When using `dm_control` tasks we expect the `env_id` to be specified as `dmc:domain_name-task_name` or for manipulation
tasks as `dmc:manipulation-environment_name`. For `metaworld` tasks, we require the structure `metaworld:env_id-v2`, our
custom tasks and standard gym environments can be created without prefixes.

### Black-box Environments

All environments provide by default the cumulative episode reward, this can however be changed if necessary. Optionally,
each environment returns all collected information from each step as part of the infos.
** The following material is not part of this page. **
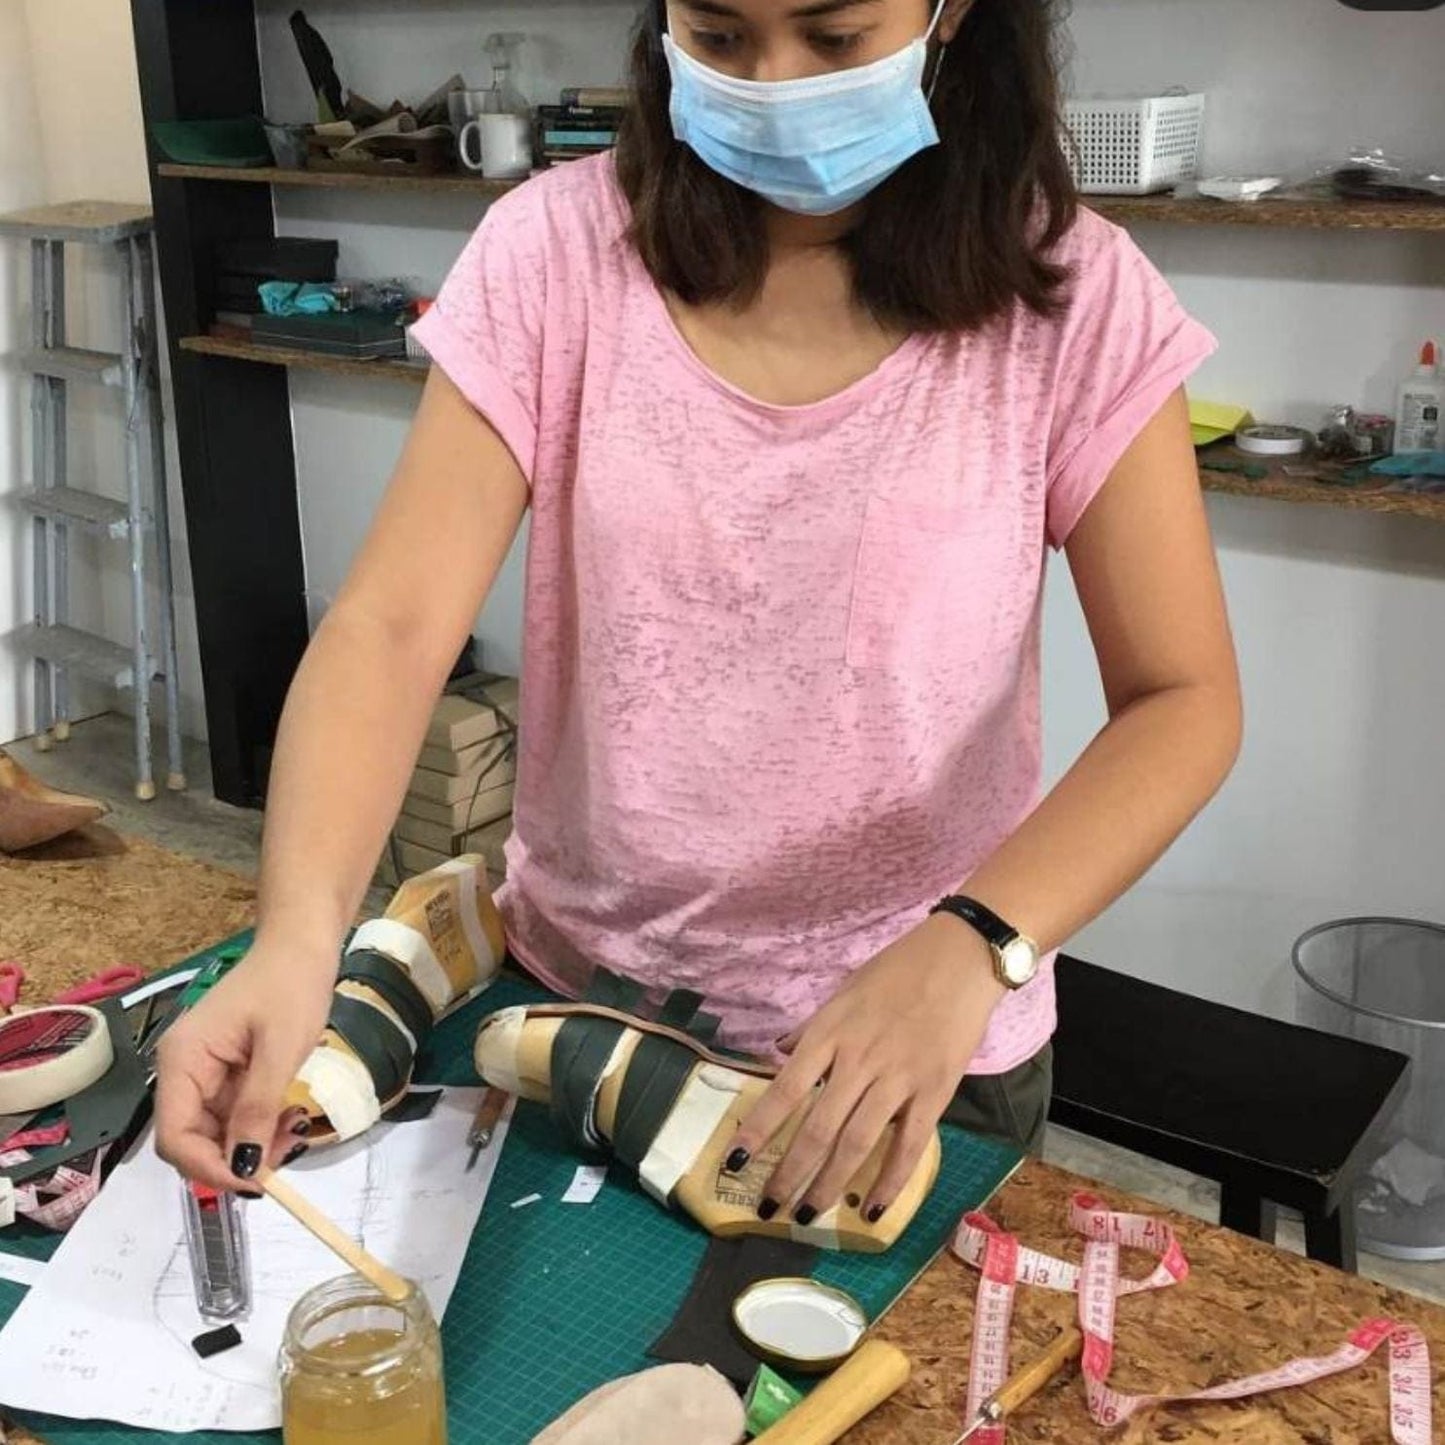 Sandal-making workshop

This information is, however,
mainly meant for debugging as well as logging and not for training.

|Key| Description|Type
|---|---|---|
`positions`| Generated trajectory from MP | Optional
`velocities`| Generated trajectory from MP | Optional
`step_actions`| Step-wise executed action based on controller output | Optional
`step_observations`| Step-wise intermediate observations | Optional
`step_rewards`| Step-wise rewards | Optional
`trajectory_length`| Total number of environment interactions | Always
`other`| All other information from the underlying environment are returned as a list with length `trajectory_length` maintaining the original key. In case some information are not provided every time step, the missing values are filled with `None`. | Always

Existing MP tasks can be created the same way as above. Just keep in mind, calling `step()` executes a full trajectory.

> **Note:**   
> Currently, we are also in the process of enabling replanning as well as learning of sub-trajectories.
> This allows to split the episode into multiple trajectories and is a hybrid setting between step-based and
> black-box leaning.
> While this is already implemented, it is still in beta and requires further testing.
> Feel free to try it and open an issue with any problems that occur.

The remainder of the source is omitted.